The second pattern of substitution focused on the space between the phenoxy and the 2-cyanopyrimidine moieties. Although an asymmetric center is created in substitutions of such kind, a significant difference in the binding affinity of enantiomers was not observed. This was demonstrated with almost no difference in the binding affinity between compound 7S (-6.7 Kcal/mol) and 7R (-6.6 Kcal/mol). R1 substituent generally decreased the binding affinity, which suggests that the spacer may be sterically demanding.

The replacement of the ether with a secondary amine does not produce a significant change in binding affinity, which is revealed by a nearly similar binding affinity between compound 8 (-6.3 Kcal/mol) and compound 12 (-6.1 Kcal/mol).

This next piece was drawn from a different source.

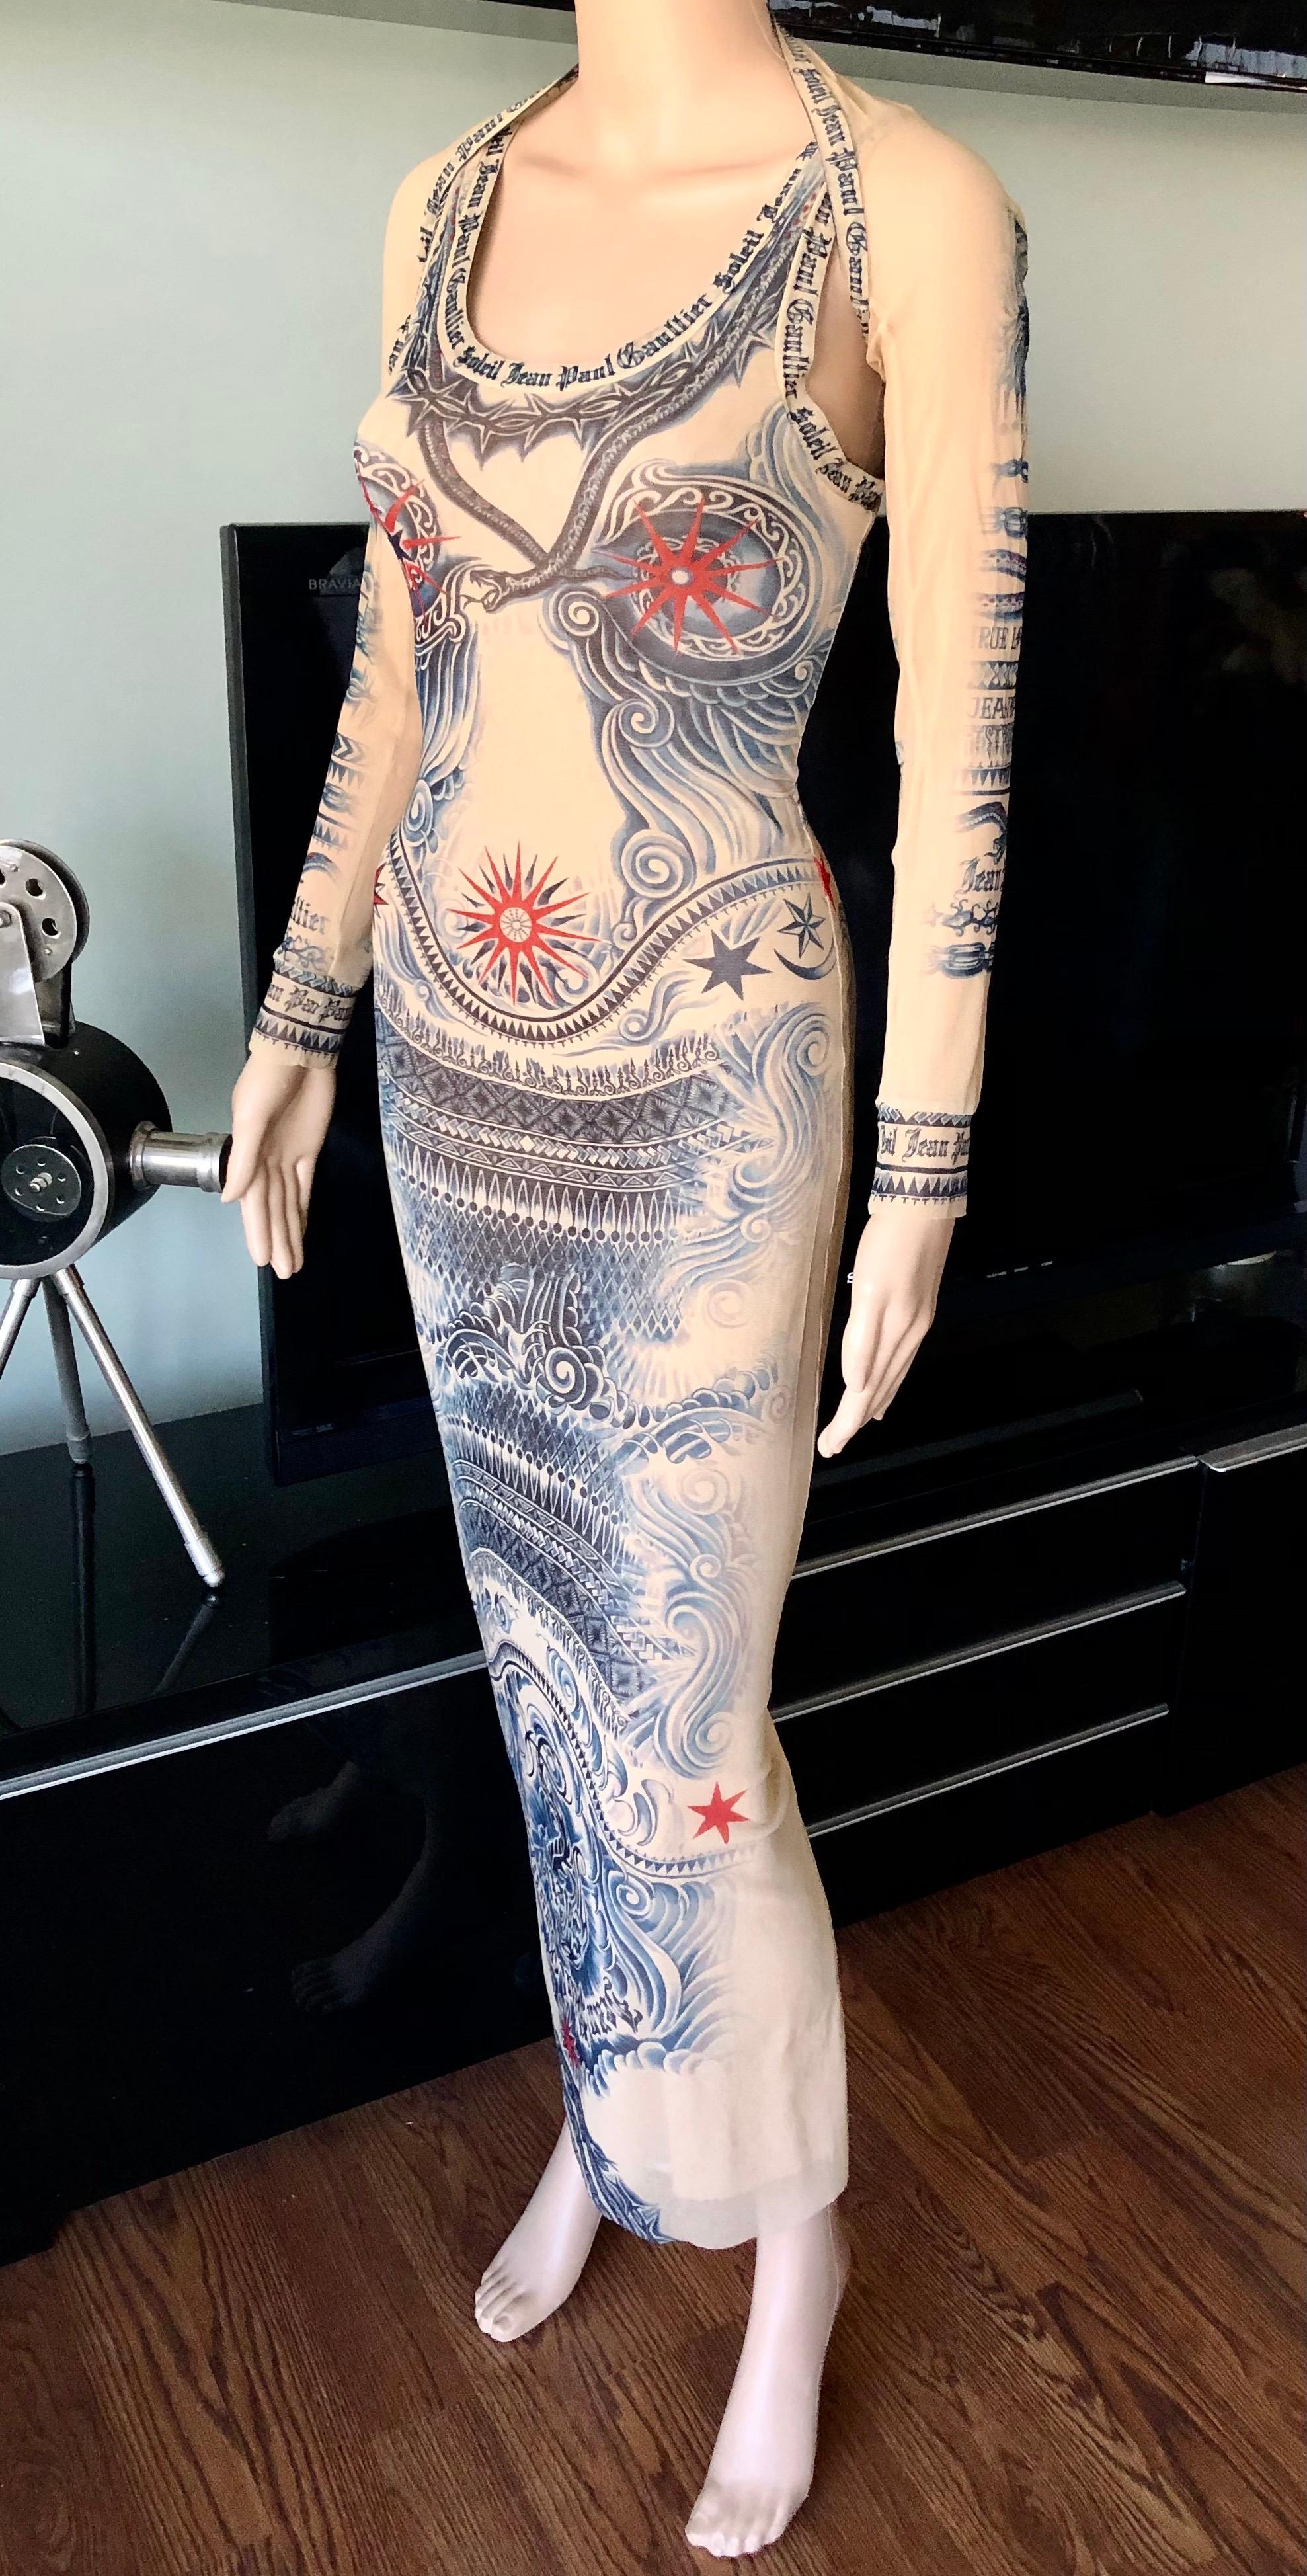 Jean Paul Gaultier Soleil Vintage Tattoo Bodycon Mesh Bolero and Maxi Dress 2 Piece Set Size S

Excellent Condition

The substitution at position 4 of 2-cyanopyrimidine with alkyl groups having good water solubility was investigated as S1 pocket was found to accommodate polar aliphatic amino acids. However, such kind of substitutions was predicted to be not favorable. This can be clearly observed from the decrease in binding affinity when the size of the substitution was increased from methyl ethanoate as in compound 14 (-6.2 Kcal/mol) to methyl propionate (-5.6 Kcal/mol). This may be due to a steric clash with the active site of cathepsin K, which may reduce an entry into the deep pocket. Carboxylic acid containing substituents at position 4 of cyanopyrimidine has decreased the affinity to the active site of cathepsin K.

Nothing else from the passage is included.